*** DATA UNDER STUDY Section Begins ***

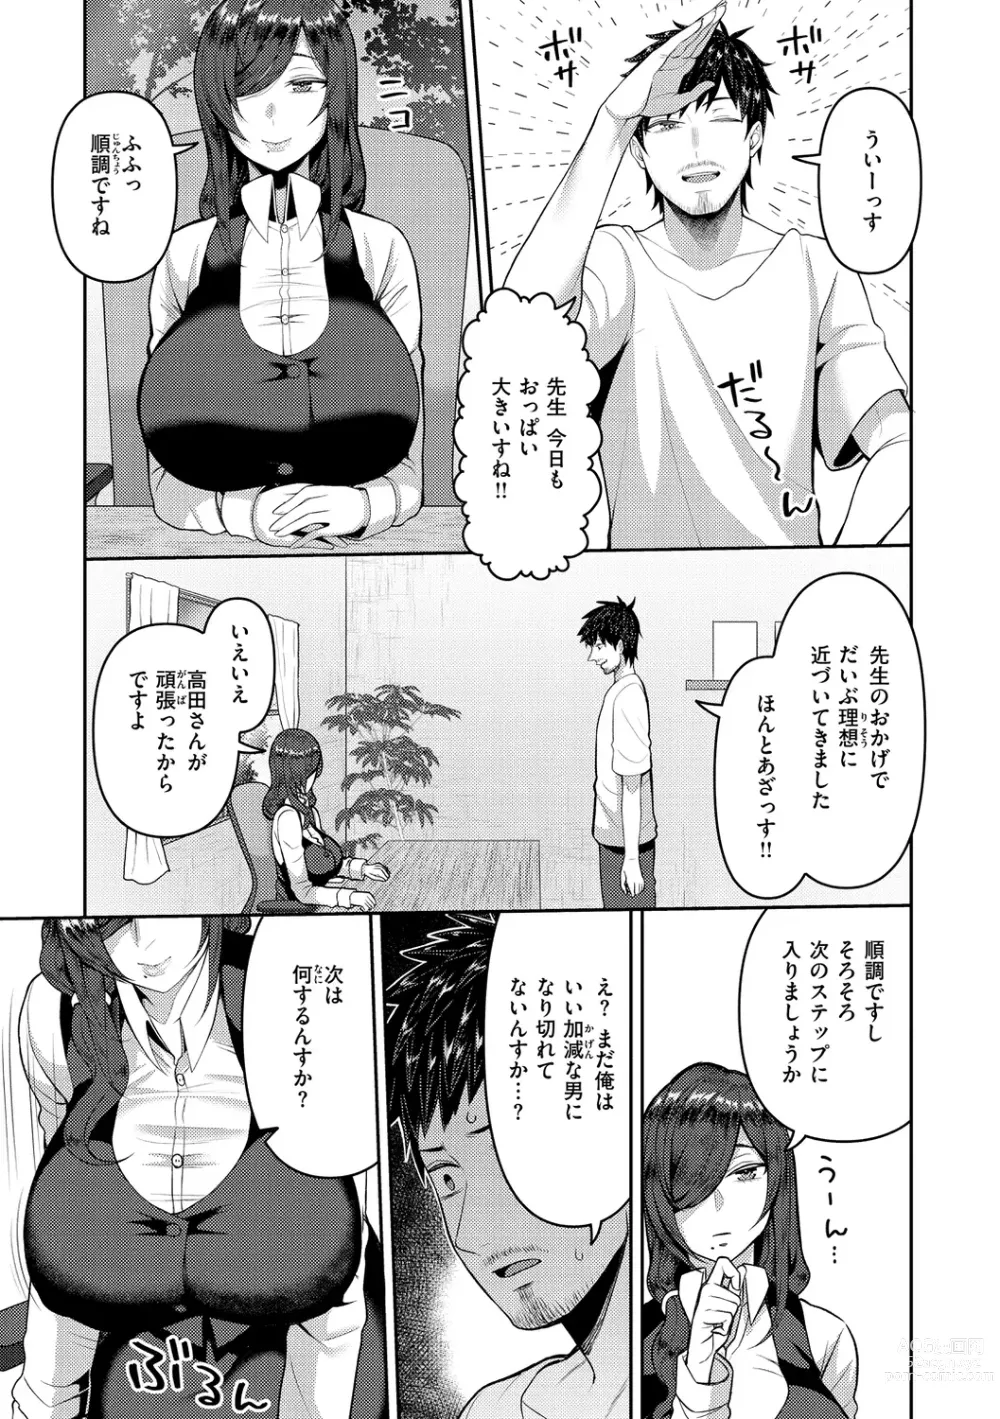 Page 29 of manga Amaete Hoshii no - I want you to spoil me
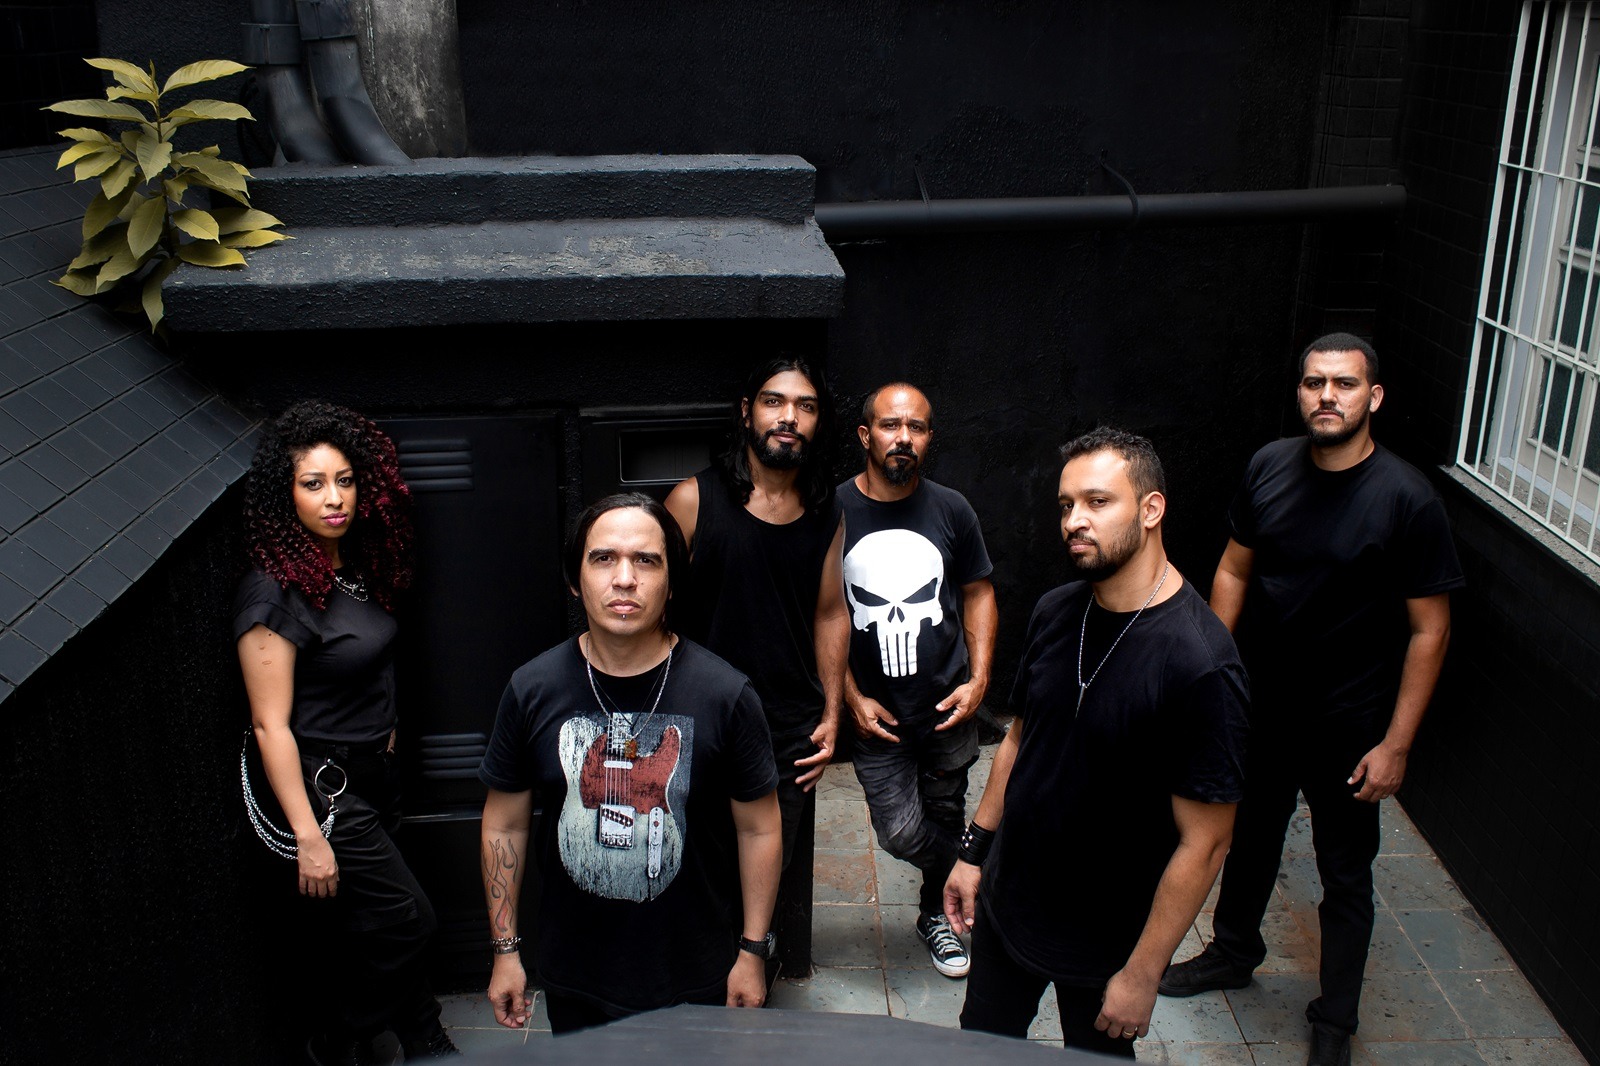 Banda Valência fortalece a cena do rock com “Missio Dei”, single sobre o sacrifício de Jesus
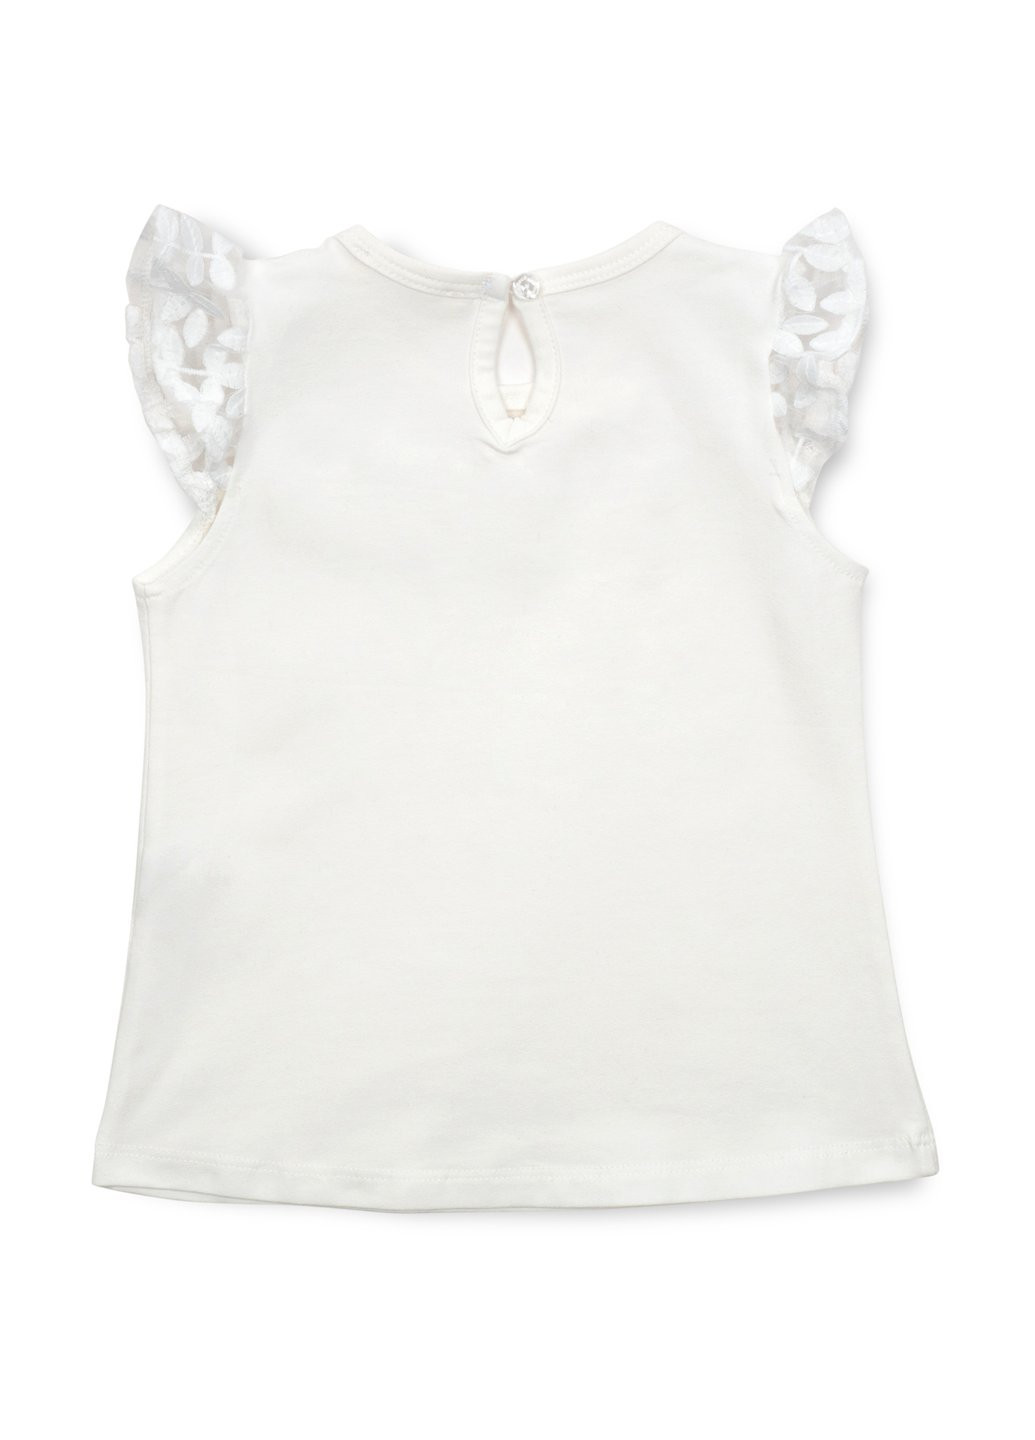 Комбинированная футболка детская с кружевом (12904-140g-cream) Breeze
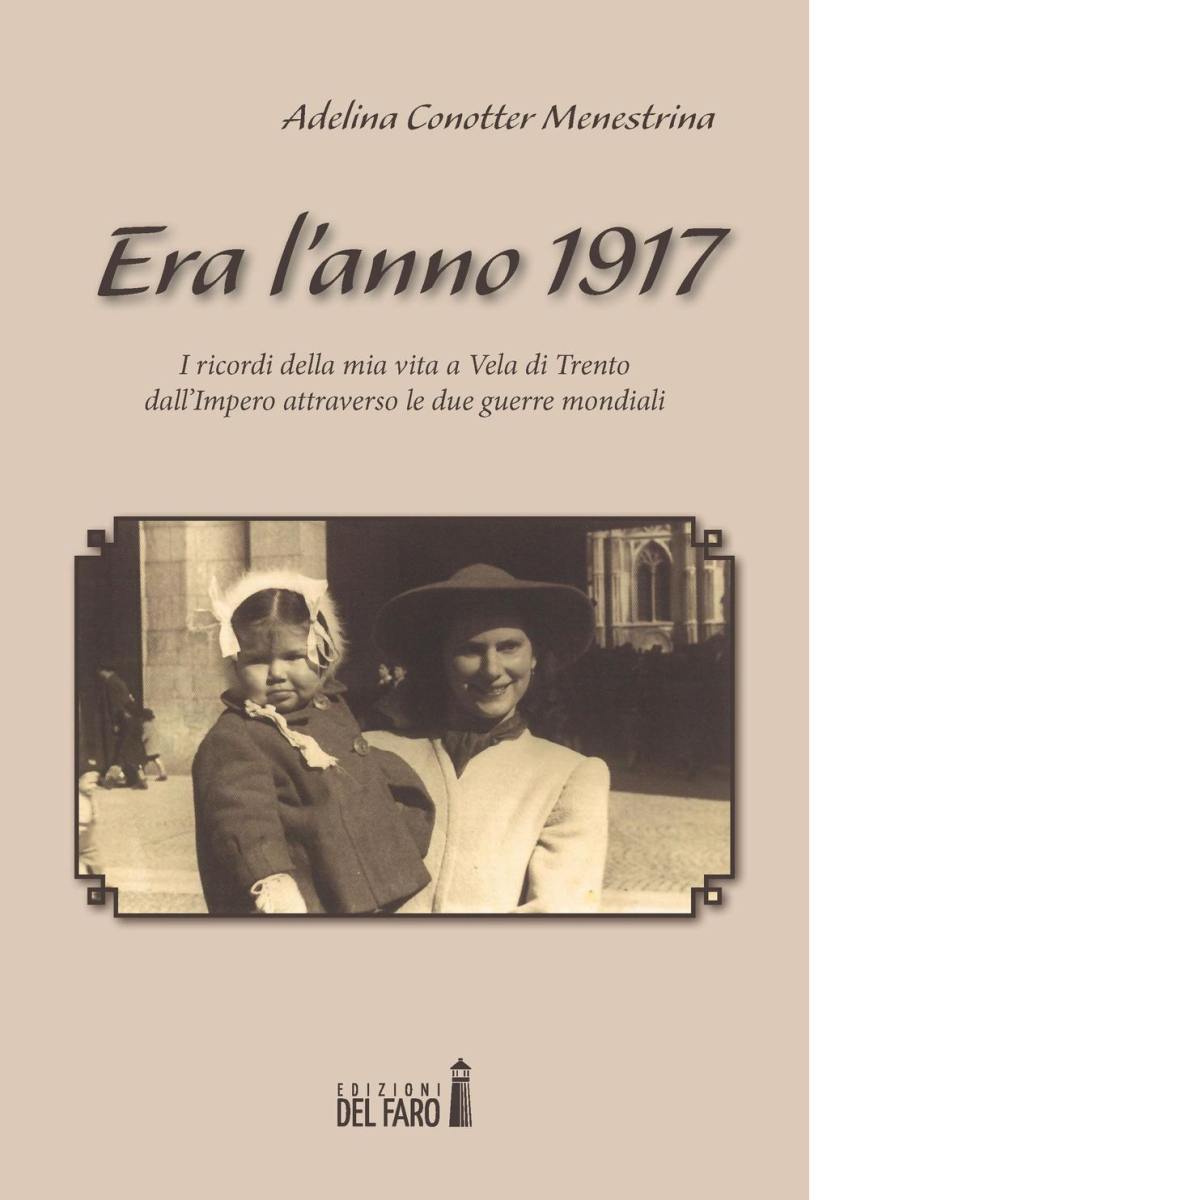 ERA L'ANNO 1917 di Conotter Menestrina Adelina - Edizioni Del faro, 2017
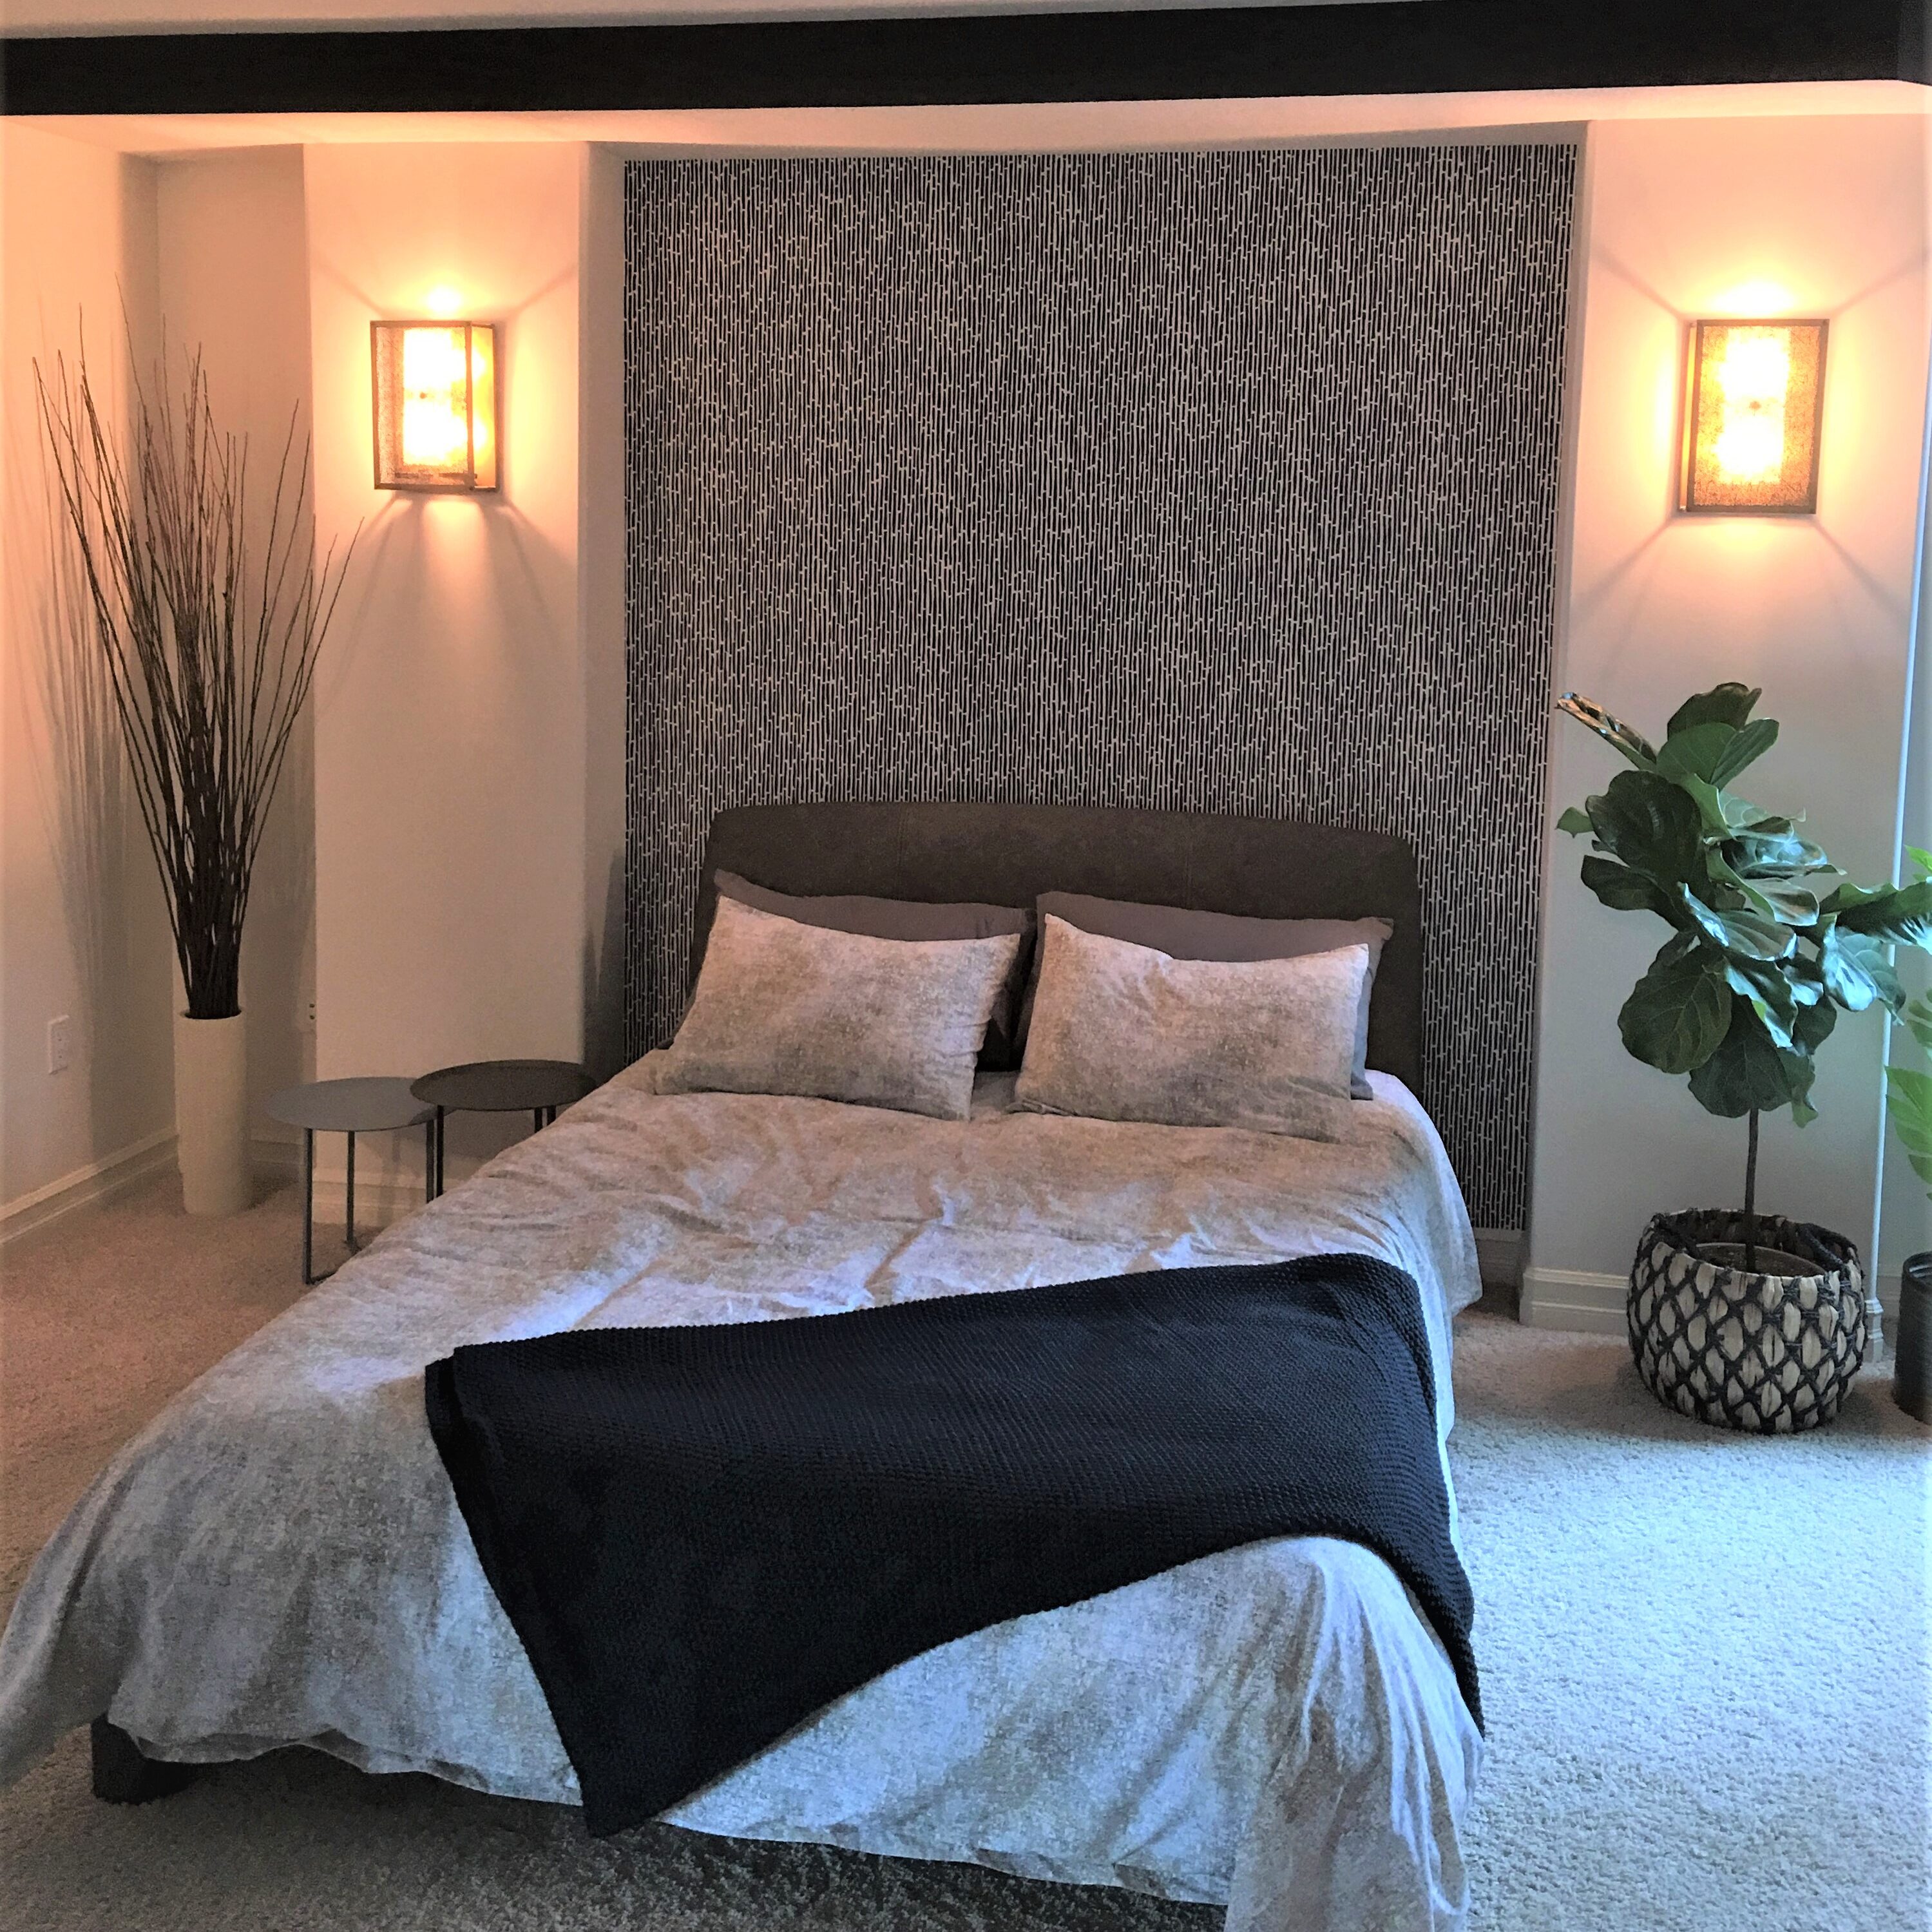 Bedroom / Textiles / Wallpaper / Decor

*** DATA UNDER STUDY Section Ends ***

## EXERCISE PROMPT
Please print the material exactly as given above, omitting the pictures.

## RESPONSE
 Page 29 of manga Amaete Hoshii no - I want you to spoil me
 Banda Valência fortalece a cena do rock com “Missio Dei”, single sobre o sacrifício de Jesus
 Комбинированная футболка детская с кружевом (12904-140g-cream) Breeze
 ERA L'ANNO 1917 di Conotter Menestrina Adelina - Edizioni Del faro, 2017
 Bedroom / Textiles / Wallpaper / Decor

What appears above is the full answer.